Director Jonathan Glazer’s new film shows a horrifying, underlooked side of the Holocaust.

Content warning: “The Zone of Interest” contains graphic scenes of the Holocaust during World War II. Reader discretion is advised.

Playing to a packed house at the UW Cinematheque Thursday night, director Jonathan Glazer’s “The Zone of Interest” — about Auschwitz commandant Rudolf Höss and his wife, Hedwig, trying to build a dream life for their family next to the camp — is a harrowing and prescient film because of what is left out of the frame.  

The film begins with a black screen accompanied by a faint chorus of screams, preparing the audience for the central caveat of the film: we do not see the victims of the camp suffer, we only barely hear their cries. Instead of focusing on the victims of the Holocaust, we as viewers are asked to connect with the Höss family in order to confront ourselves and how we can become perpetrators of evil when we stand to gain from it. 

The only thing we see of Auschwitz itself is the wall separating the garden of the Höss home from the complex and the watchtower looming over the concentration camp, a reminder of the inhumanity happening next door.

By focusing on the domestic life of Höss, we see how evil often presents itself as utterly banal. Rudolf goes about his job while Hedwig tends to the children just as though he worked in an office instead of a concentration camp. We hear screams and gunfire, but we only see the Höss’ children at play reenacting the violent scenes they overhear while wearing Hitler Youth uniforms.

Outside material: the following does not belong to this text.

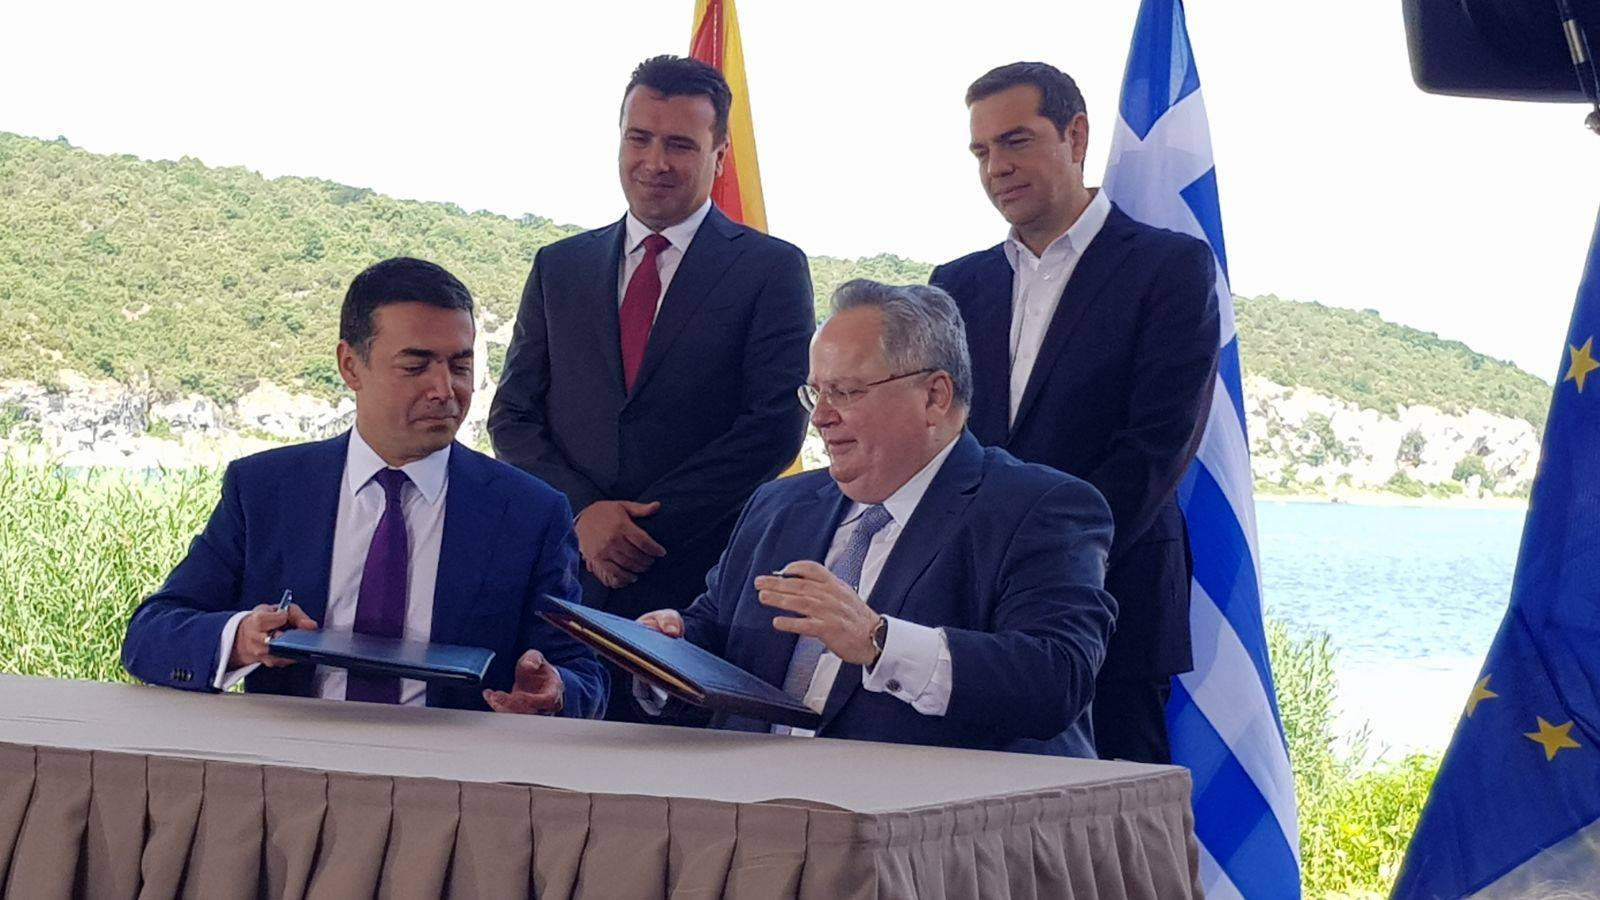 Prespa Agreement putting strain on Greek coalition

Portraying Höss as a family man instead of a monster conveys how he was not a schemer focused on racial views, but a man who ignored his own evil in hopes of rising the Nazi ranks. By going along with what he has been told to do and chasing after promotions in the bureaucracy of the SS, Höss becomes responsible for history’s most infamous genocide.

The cinematography, emphasizing static shots and placement of the camera away from the actors in the frame, separates viewers from Höss, creating a documentary feeling that emphasizes the sterile nature of his job. The use of hallways as framing devices directing the eye to the action further communicates how genocide becomes routine — for him — by constantly placing us in an austere and cramped environment, showing the rigid bureaucracy with which the Holocaust was conducted. 

The camera only moves when Hedwig displays her garden, which also doubles as a way for the camera to pan over the imposing structures of Auschwitz in the background. Even when we are free from cold interiors, the specter of death is always present, never allowing the audience a moment of reprieve from the horror. 

Above all, “The Zone of Interest” reminds us of the fact that we as human beings are all capable of committing unspeakable cruelties and that it is our moral responsibility to acknowledge our shared humanity to avoid repeating the past.